| WHAT YOU HAVE TO DO |
Omit all pictures. Quote only the lines from the one with "Red Yellow and" through the end of the material below.

| PROVIDED DATA |
⟨

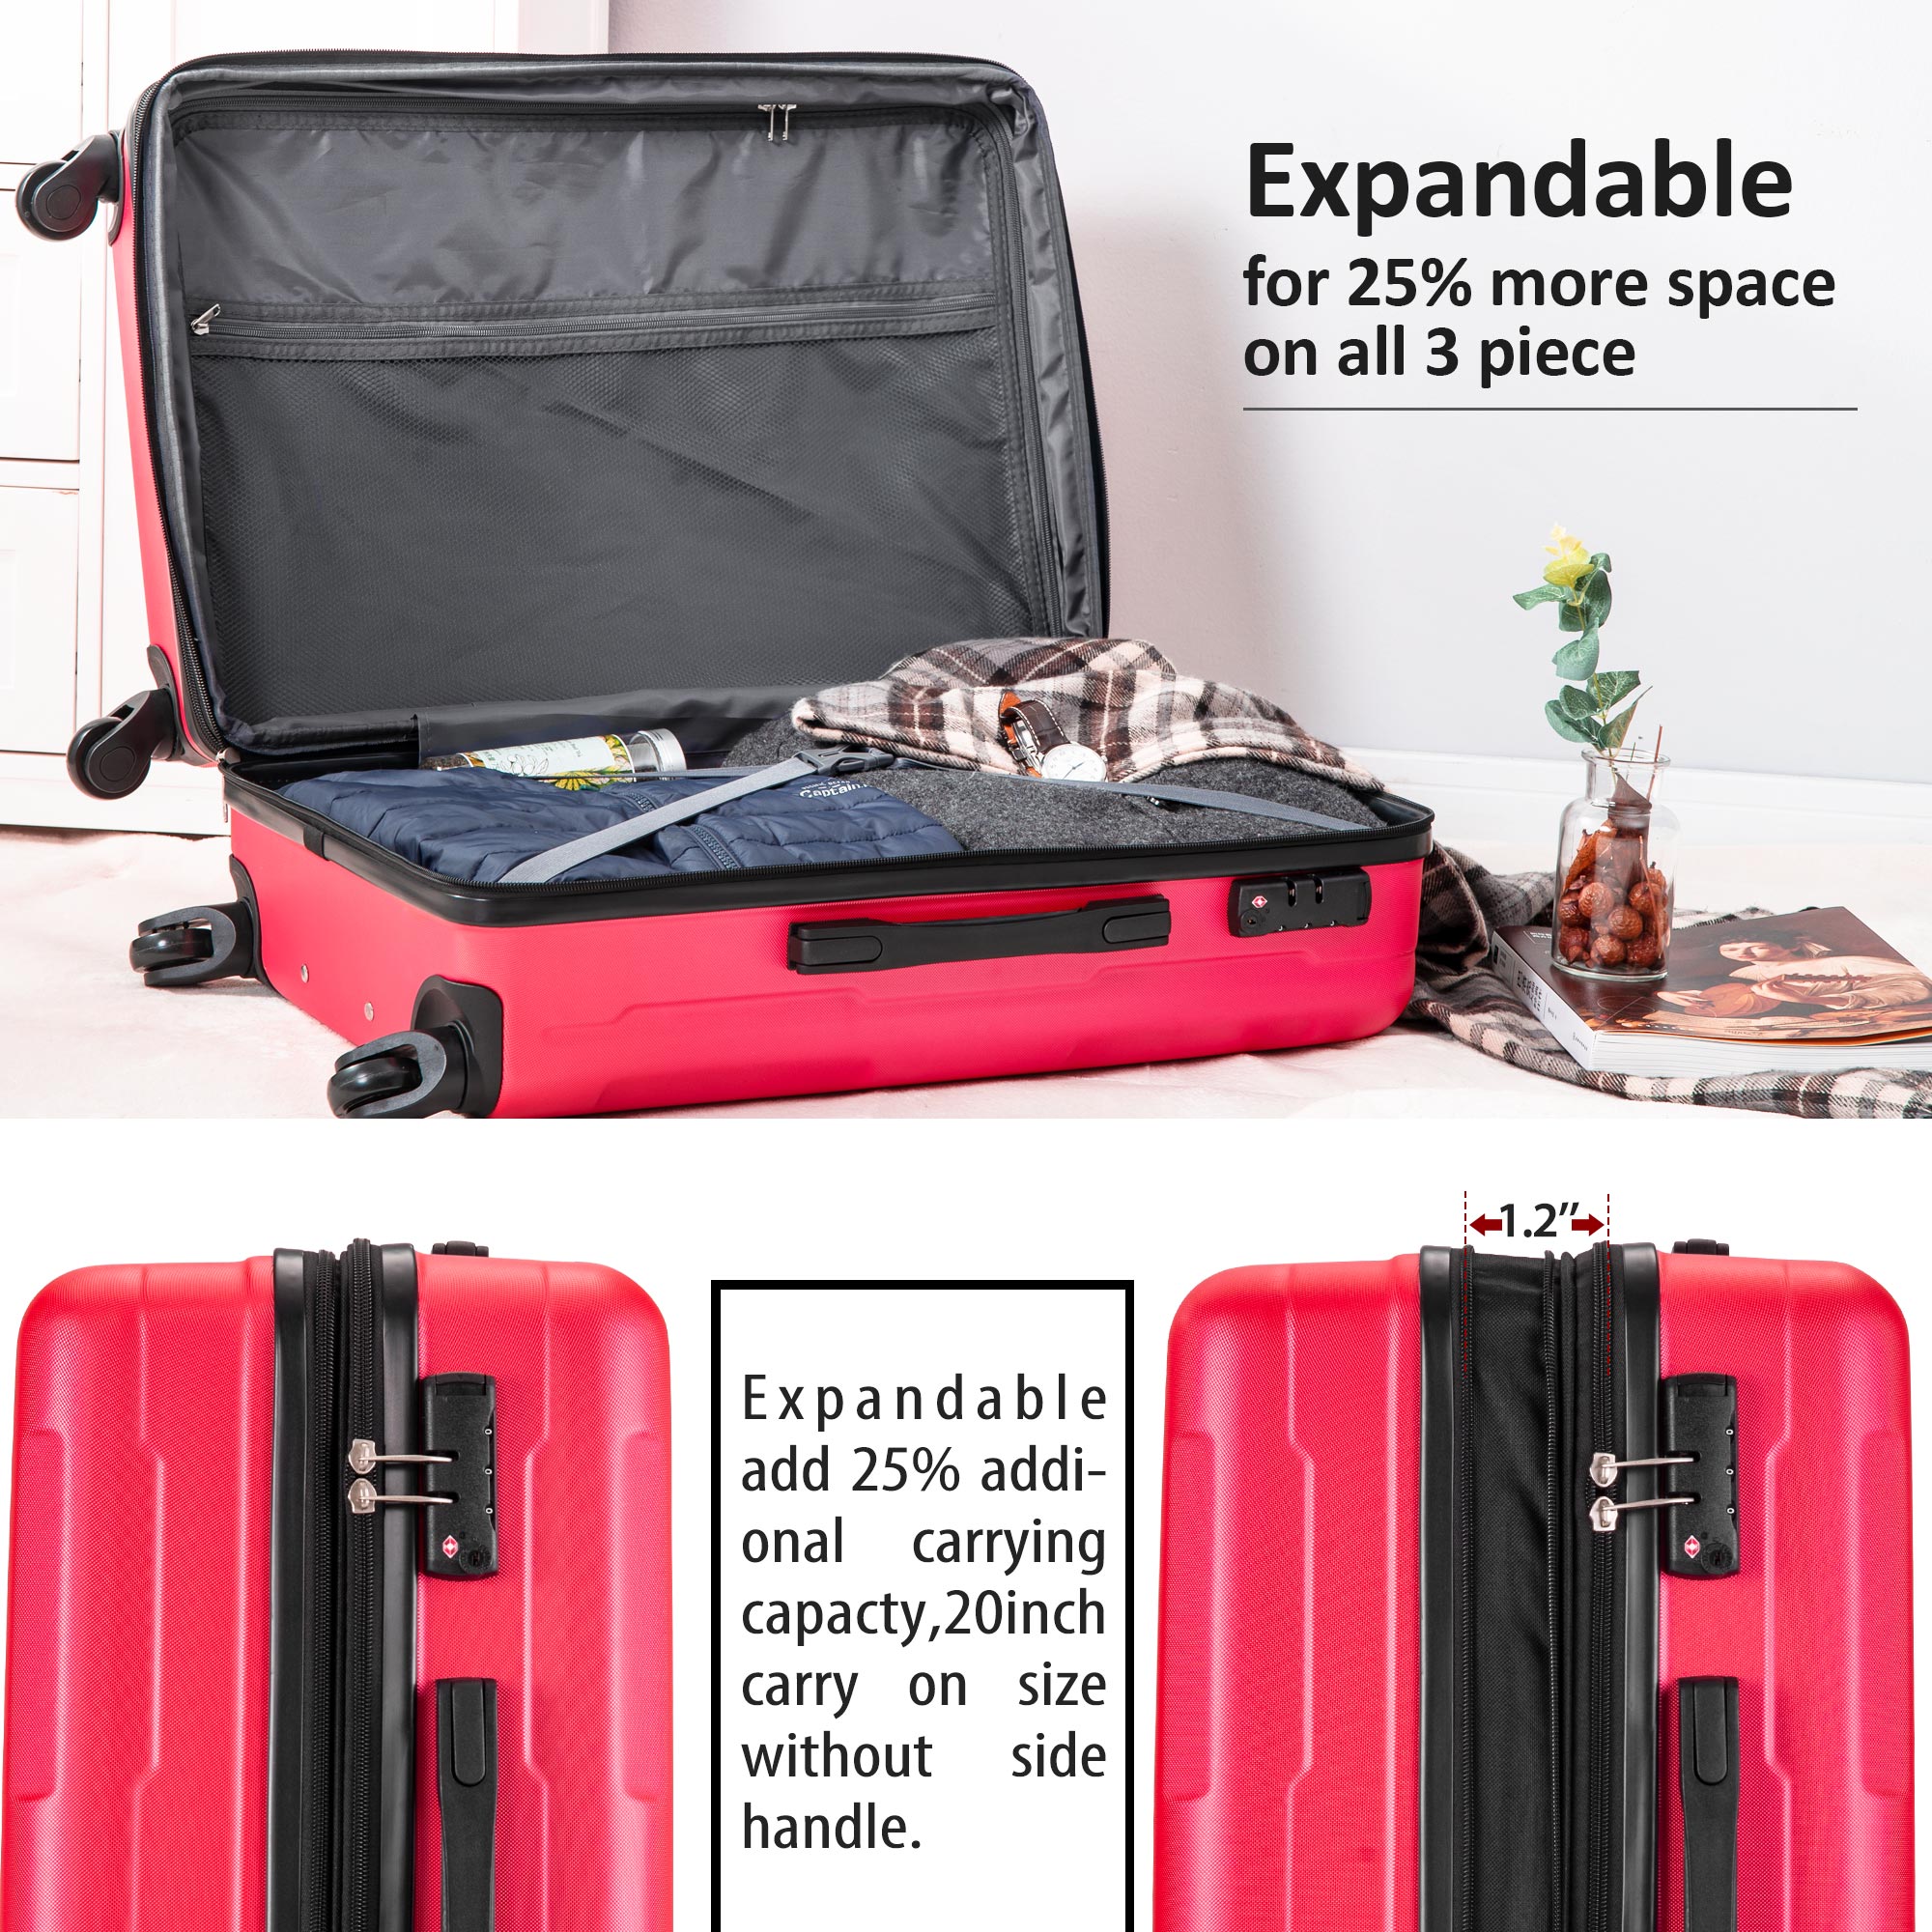 SEGMART Expandable Luggage Sets of 3, 3-Piece Lightweight Hardside 4-Wheel Spinner Luggage Set: 20"/ 24''/ 28" Carry-On Checked Suitcase, Carry on Suitcase with TSA Lock for Traveling, Red, S6564 - image 2 of 8
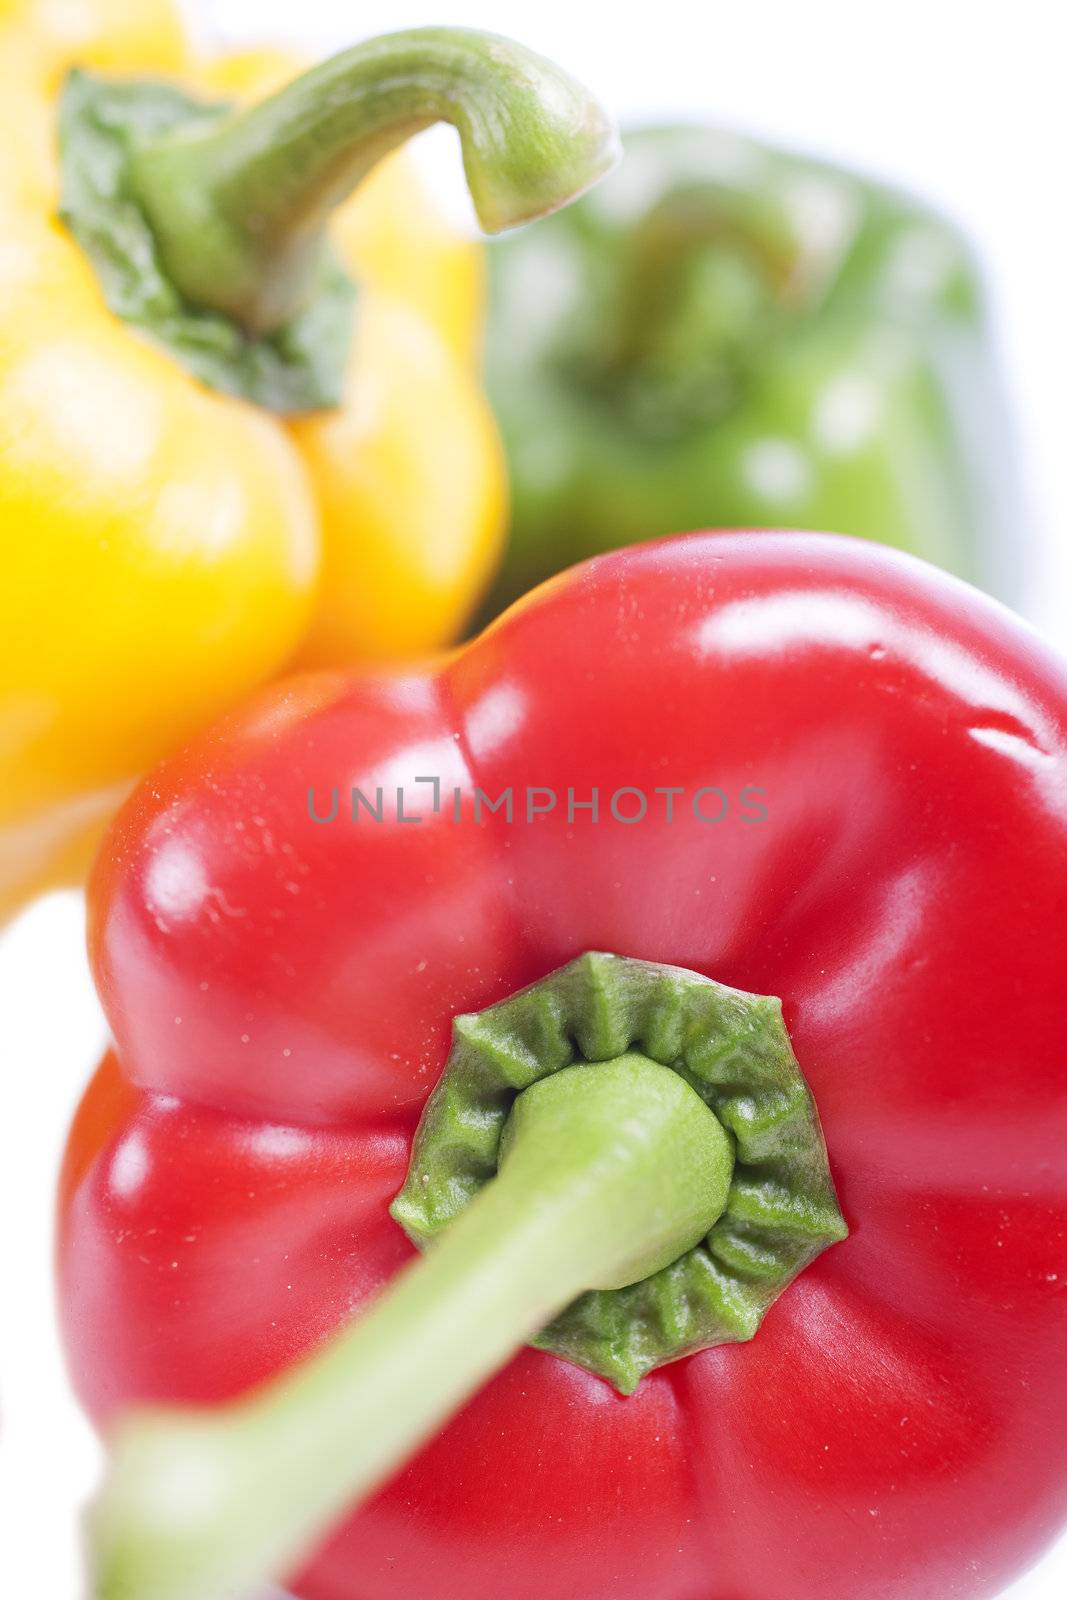 Red Yellow and Green peppers laid out next to each other
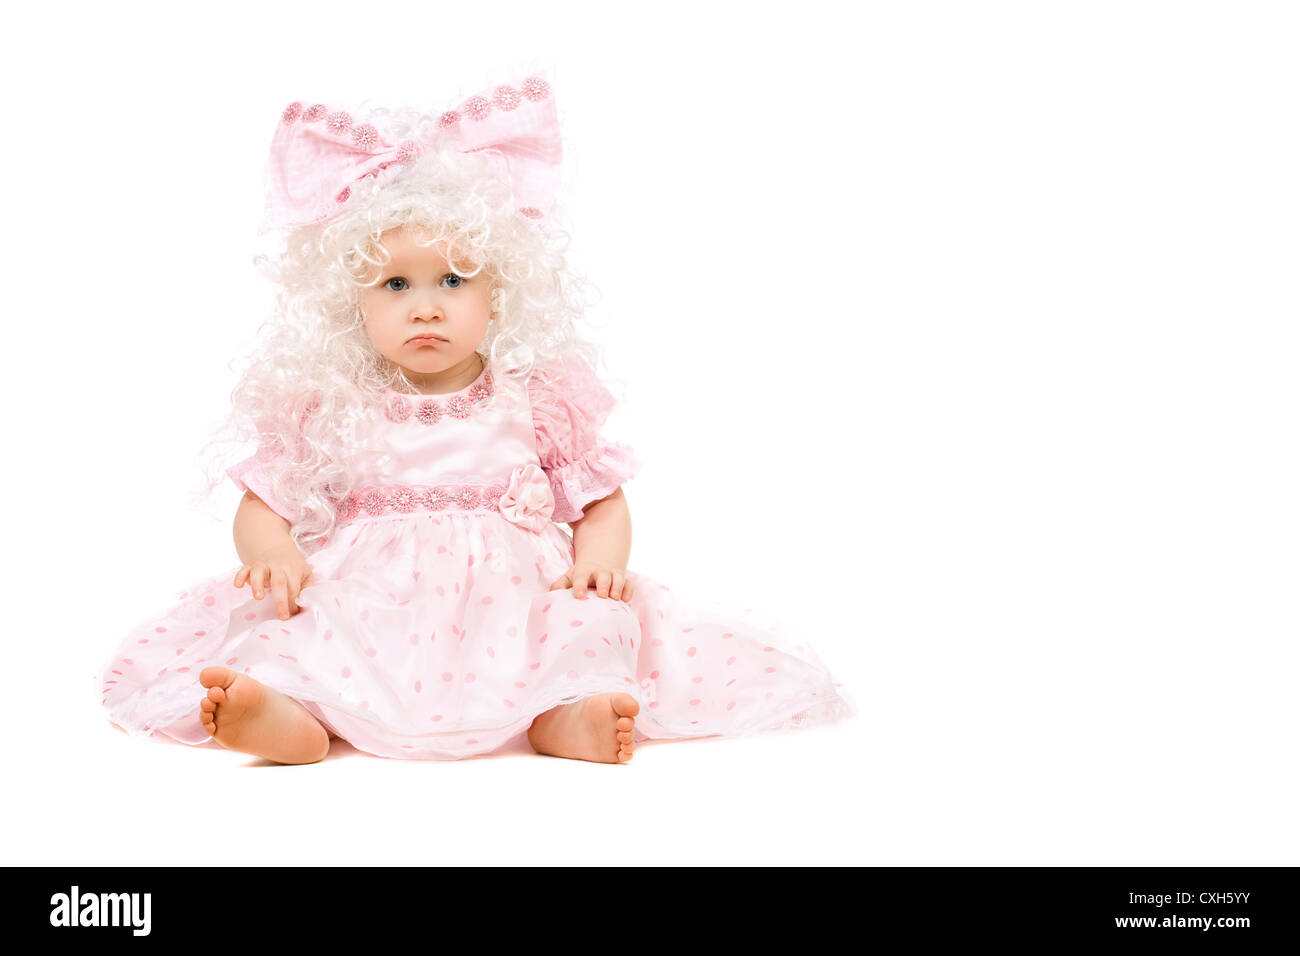 Sad baby girl in a pink dress Stock Photo
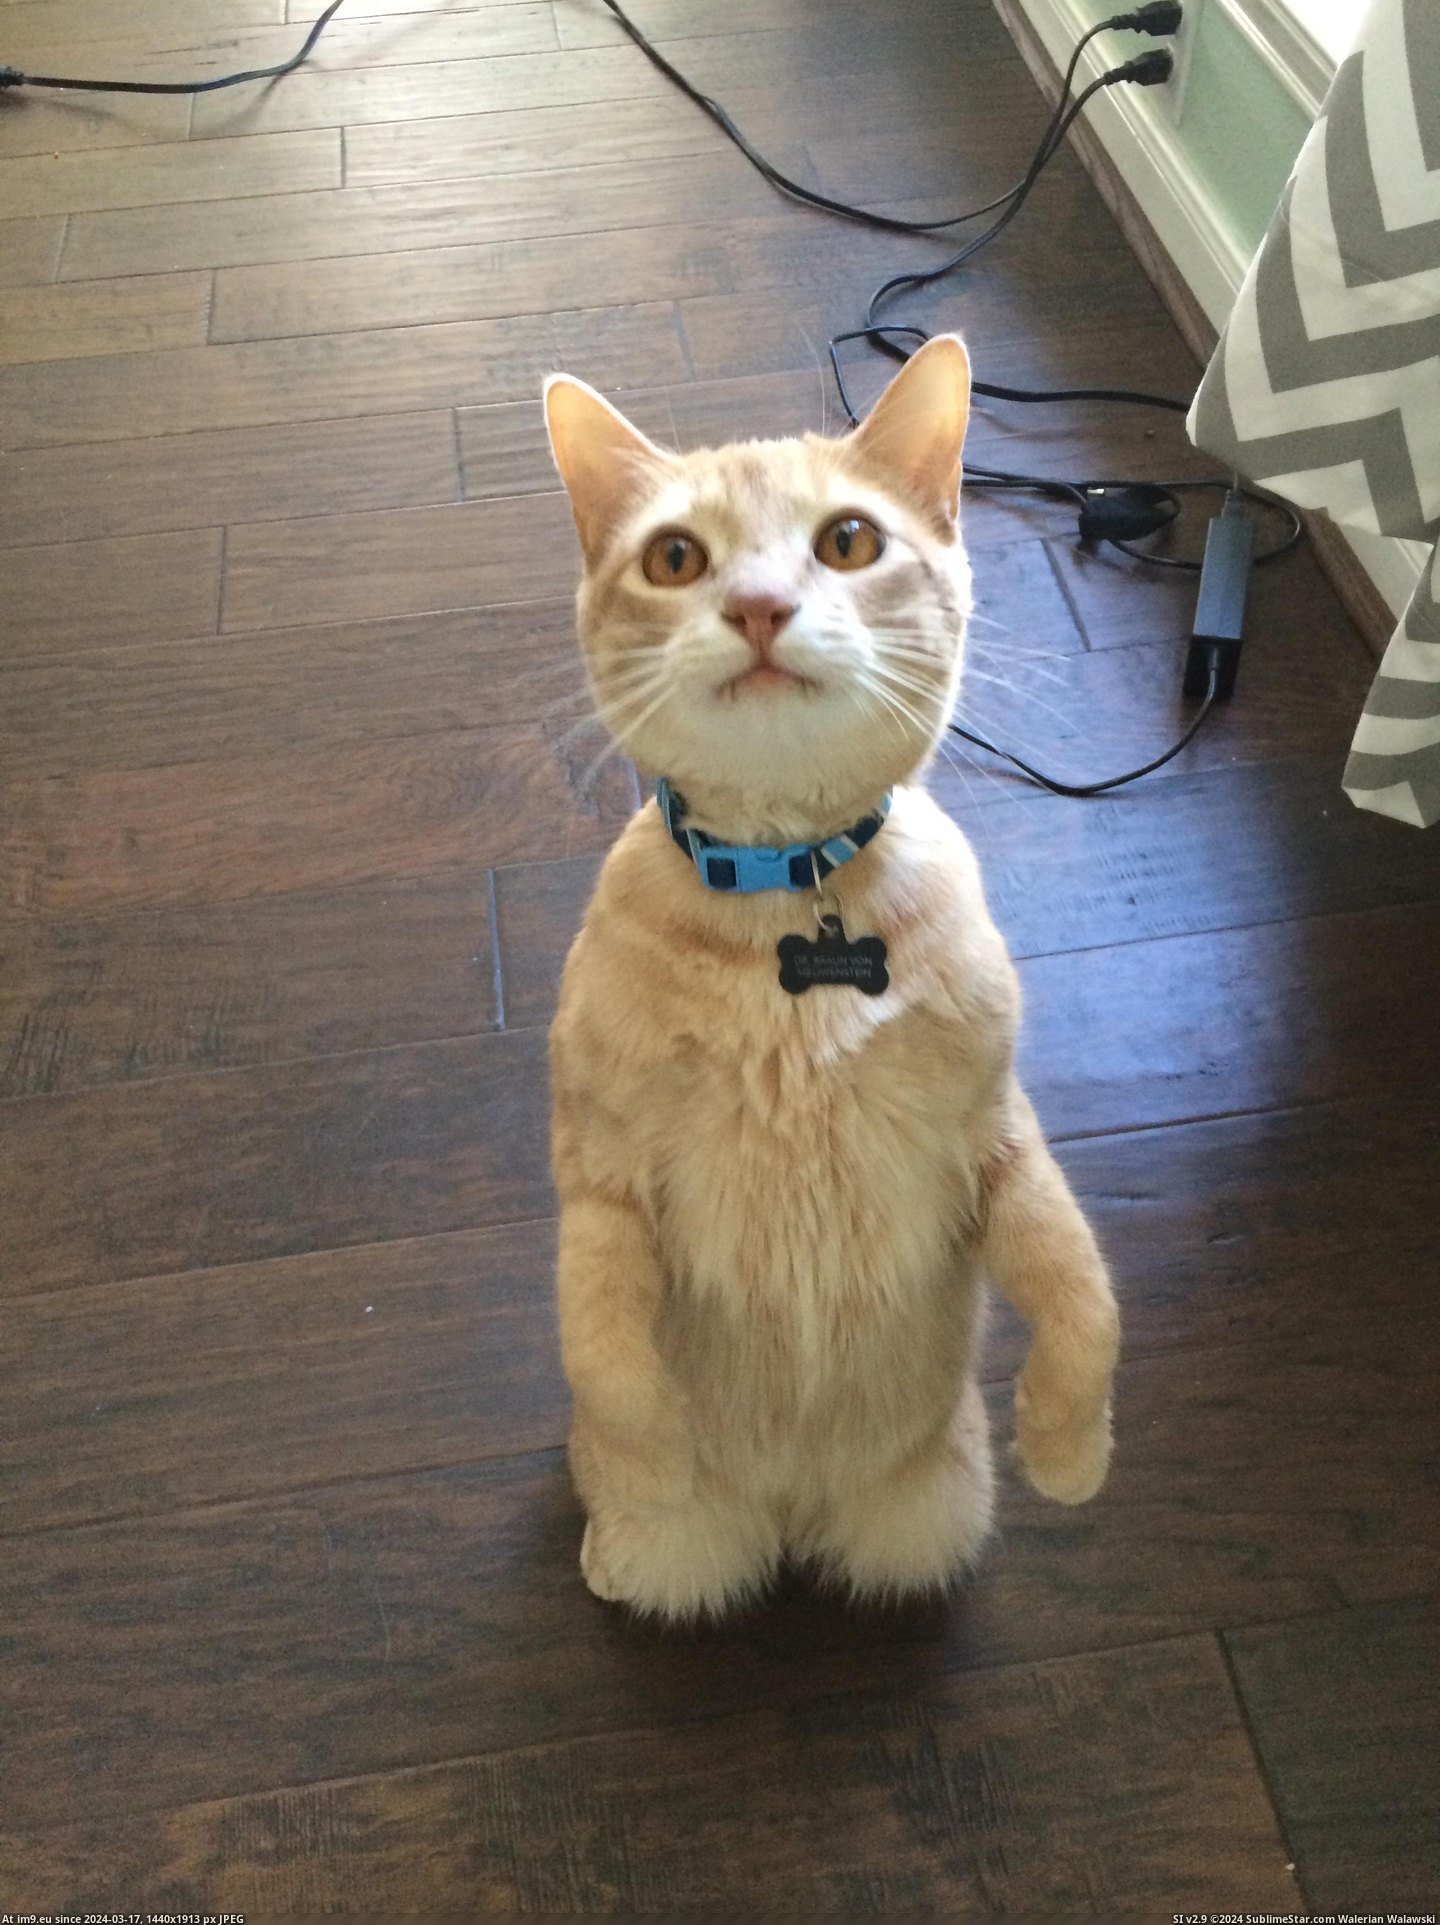 #Cats #Treats #Meowenstein #Sit [Cats] Meowenstein will sit up for treats Pic. (Image of album My r/CATS favs))

⟩

| SOLUTION |
 Red Yellow and Green peppers laid out next to each other
 Sad baby girl in a pink dress Stock Photo
 #Cats #Treats #Meowenstein #Sit [Cats] Meowenstein will sit up for treats Pic. (Image of album My r/CATS favs))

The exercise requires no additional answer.